Just for your info.  Something to keep the conversation going at a dinner party.   :D
 
Vagabound said:
Did that happen in Pahrump?

Tom

I believe so. Actually It was more of an online acquaintance. I think it was you. I think you said after eating Wally grapes you became ill. This seems real likely as foreign countries use all sorts of waste products for fertilizer including human. Yum Yum.
 
DannyB1954 said:
I believe so. Actually It was more of an online acquaintance. I think it was you. I think you said after eating Wally grapes you became ill. This seems real likely as foreign countries use all sorts of waste products for fertilizer including human. Yum Yum.

Yeah it sounded like my story, so I was wondering if we had a sample of two now and some corroborating evidence, or if it was just me. 

I was never able to determine if it was Wally World grapes or a Burger King sausage biscuit. My money is on the grapes. It made a powerful enough impression on me that I haven't bought any more since then despite really liking those green seedless grapes.

Tom
 
Vagabound said:
 I haven't bought any more since then despite really liking those green seedless grapes.

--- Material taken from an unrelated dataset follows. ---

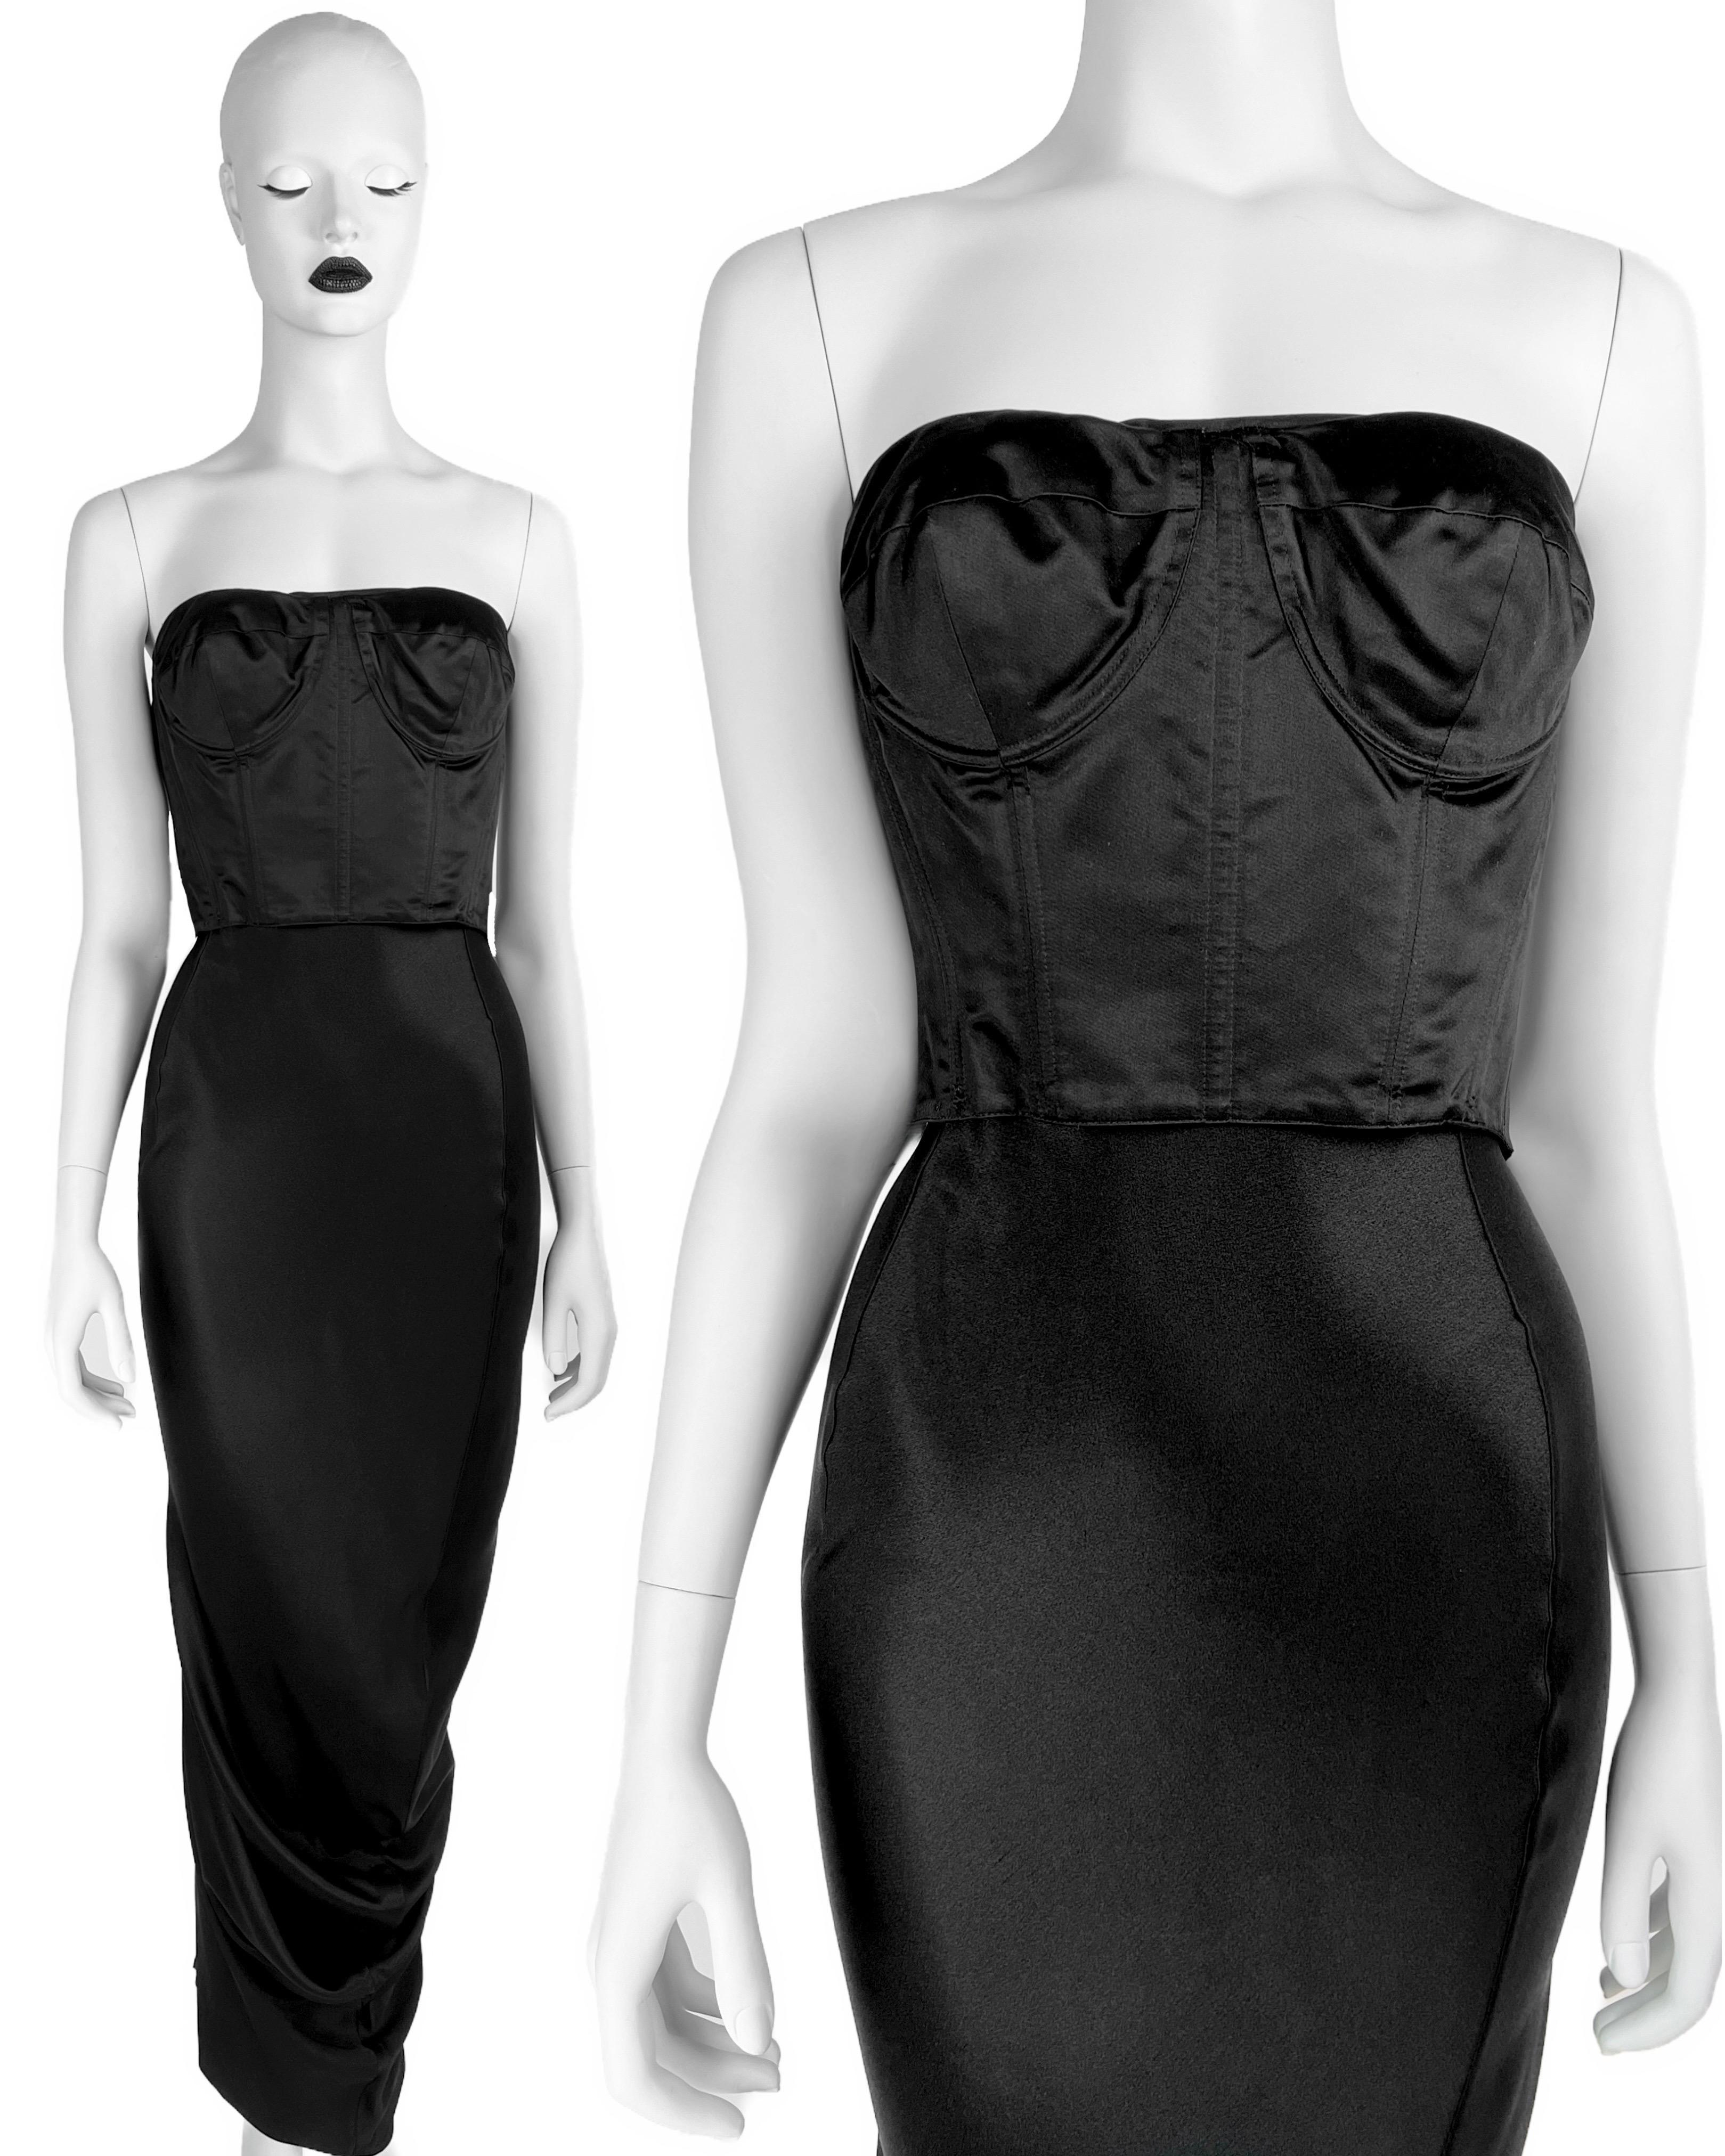 Tel que vu dans un autre tissu sur le défilé, ce superbe échantillon de John Galliano Fall 1995 Corseted Gown en fabuleux noir ! Cette robe peut être portée de DEUX façons : avec un corset tourné vers l'extérieur et vers l'intérieur. Le même style

You just need to wash them. Maybe with a spray bottle with water and a little vinegar in it. 


One interesting thing if you are using raw eggs to make something is salmonella or e coli is on the outside of the egg, not the inside. If you dunk a raw egg into boiling water for about 30 seconds, it is safe.
 
Food poisoning twice in my life. Once in Flagstaff at a festival...lawrd have mercy = no fun! Couldn't drive home until I felt better and second time, meat from Safeway (was cooked even). Both cases would not wish that on anyone!
 
CautionToTheWind said:
Food poisoning twice in my life. Once in Flagstaff at a festival...lawrd have mercy = no fun! Couldn't drive home until I felt better and second time, meat from Safeway (was cooked even). Both cases would not wish that on anyone!

I've had it at least a couple times. The last one I remember was from smoked salmon. The one you buy in the deli part of a super market that comes packaged in plastic. I'm not 100% sure that was it, but 99.9% sure. I used to love that stuff, but haven't eaten it since. Thought I was going to die that night.
 
I've had food poisoning a number of times, mostly from restaurants
two hours of cold sweats, then calling Paul, then an hour or so later I'm ok
the few times me ad a friend got it at the same time, they seemed more affected than me, but they didn't sick it up as fast as me, either
 
Came home from Mexico once with three kinds of gut infection, including e coli and salmonella. Never been so sick in my life and am still dealing with the fallout five years later.